Copyright Blog Update: Meet the New and Improved “Whack-A-Mole”

Back on July 23, 2014, this blog examined in detail the problems with the Digital Millennium Copyright Act’s “takedown notice.” In particular, I explained the “whack-a-mole” problem, where infringing material is immediately reposted by the offending site. Also, I detailed how Google forwards all takedown notices to the Chilling Effects organization in an effort to publicly shame those content creators bold enough to demand that their rights be respected.

These past weeks have provided some new twists.
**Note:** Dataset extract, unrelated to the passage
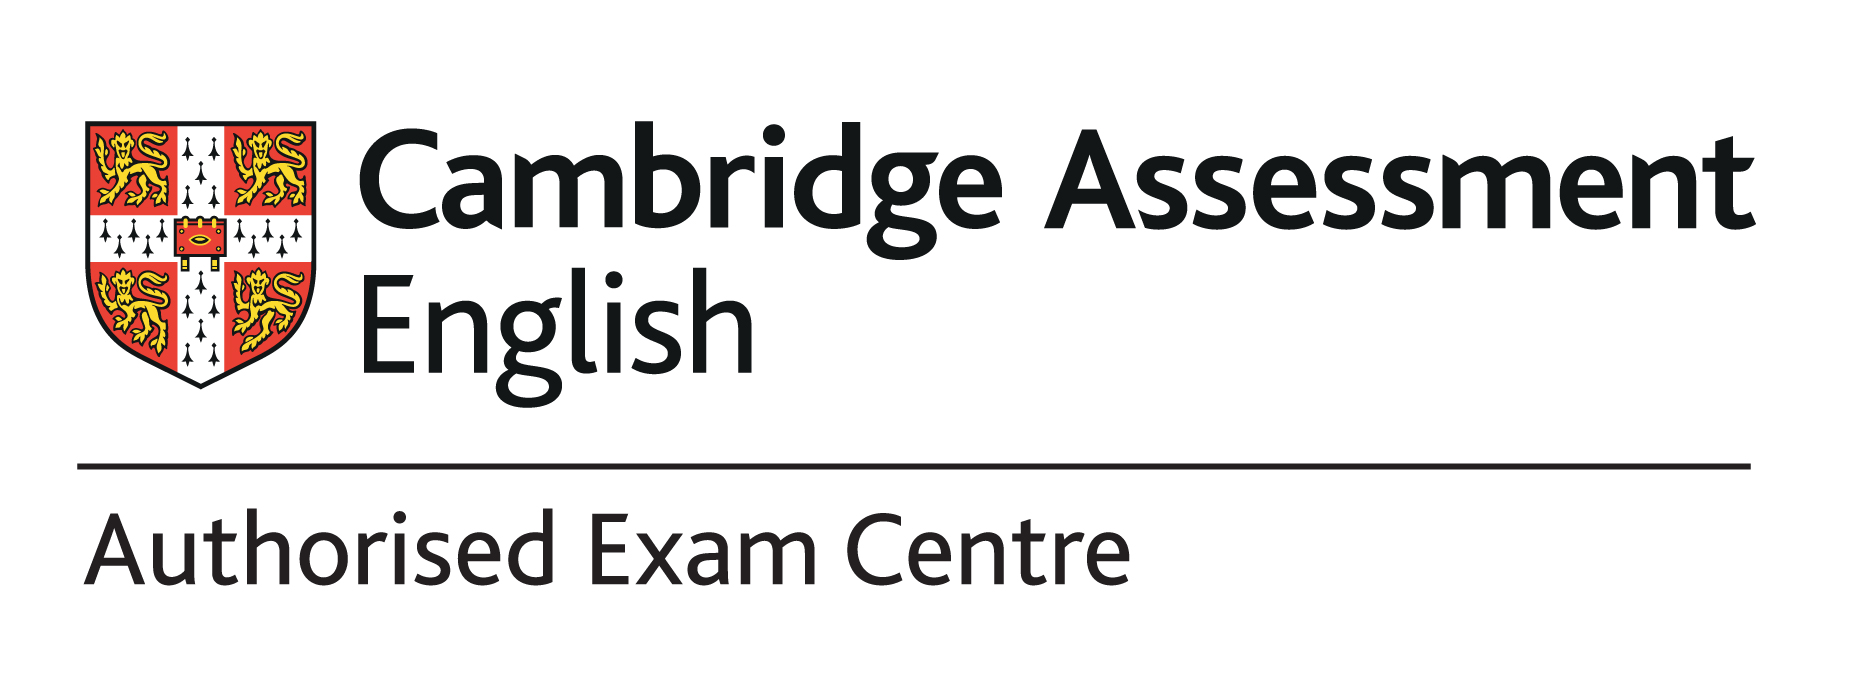 Cambridge Authorized exam center

For its part, Google published a document titled “How Google Fights Piracy,” 1 asserting that it was demoting URLs in the search results that receive a large number of takedown notices. It also repeated the tired mantra that Google does not really aid in directing people to pirate sites. I would like to present you the verbatim text, but somehow the document disables the “copy and paste” function on my computer. That’s some mighty fine “transparency” you’ve got there Google. But I digress.
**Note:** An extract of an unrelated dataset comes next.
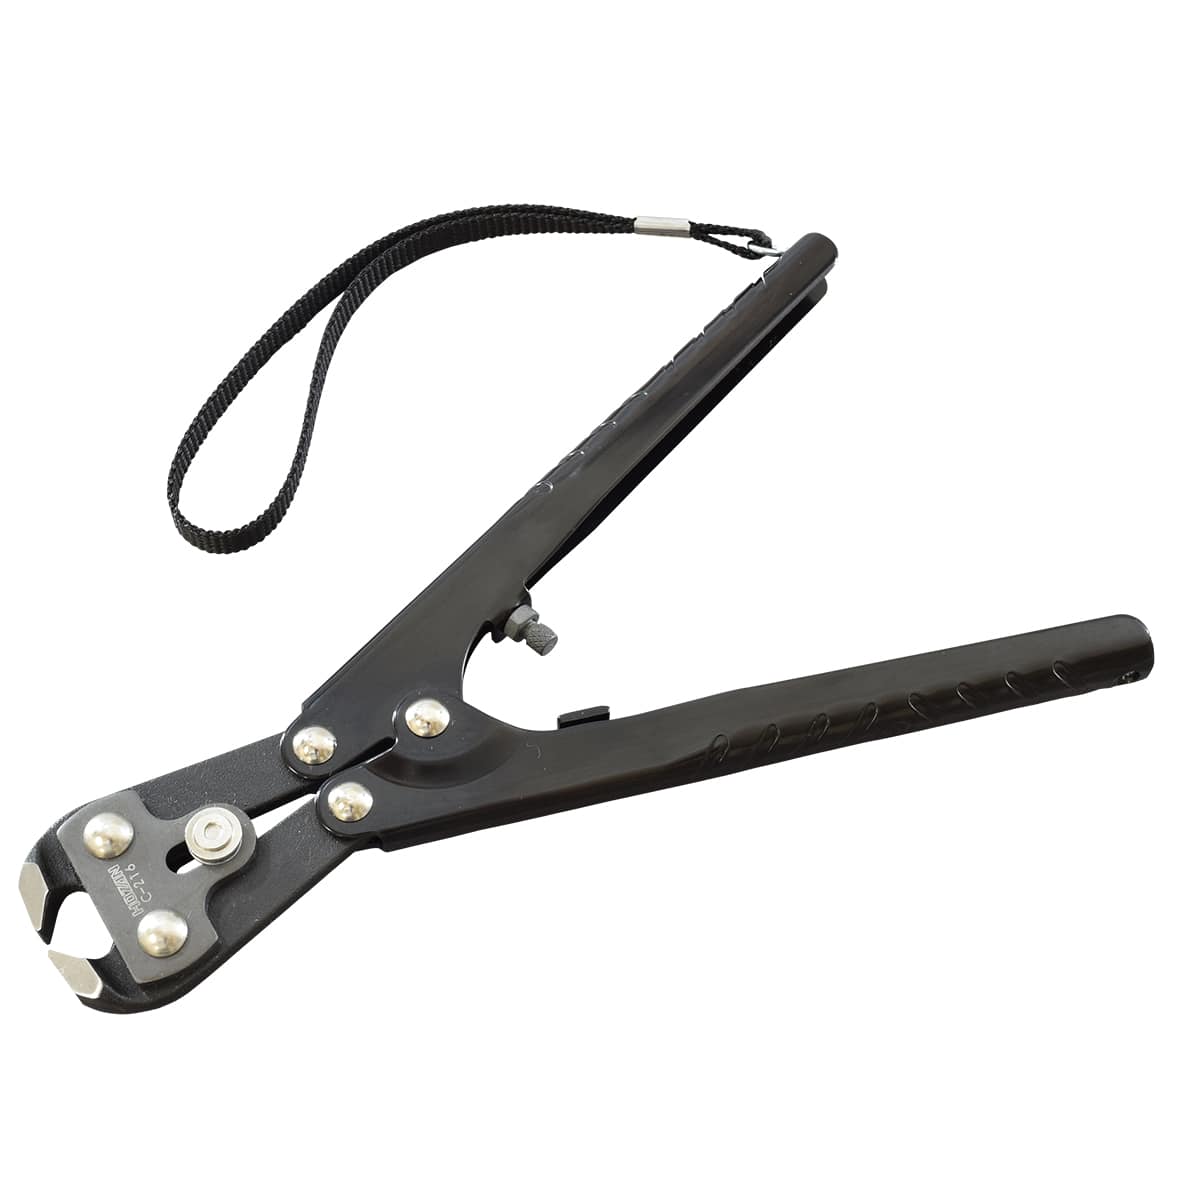 HOZAN C-216 Spoke Cutter Tool 25566 fromJAPAN for sale online

The effort was immediately derided by some artists as ineffective, 2 but on further review, perhaps it was not. The TorrentFreak website reported yesterday that a new UK pirate website was using a special webcrawler and algorithm to actively promote listings back to the top of Google results after being demoted. 3 It works like this:

“‘We created a technology that crawls DMCA notices and resurrects the torrent webpage under a different URL so it can appear in search results again. It was rather complicated to sharpen it, but eventually it works pretty well. We will use it on for all the websites we proxy,’ FileSoup explain. [sic] ‘It will lead to a situation when (for example) will have more pages indexed in Google than the original because we will revive pages banned by DMCA within Google search results. We call this technology the Necromancer.’” 4

And where do they get the information for the banned URLs? Why, from Google of course, and its partner in crime, the Chilling Effects organization.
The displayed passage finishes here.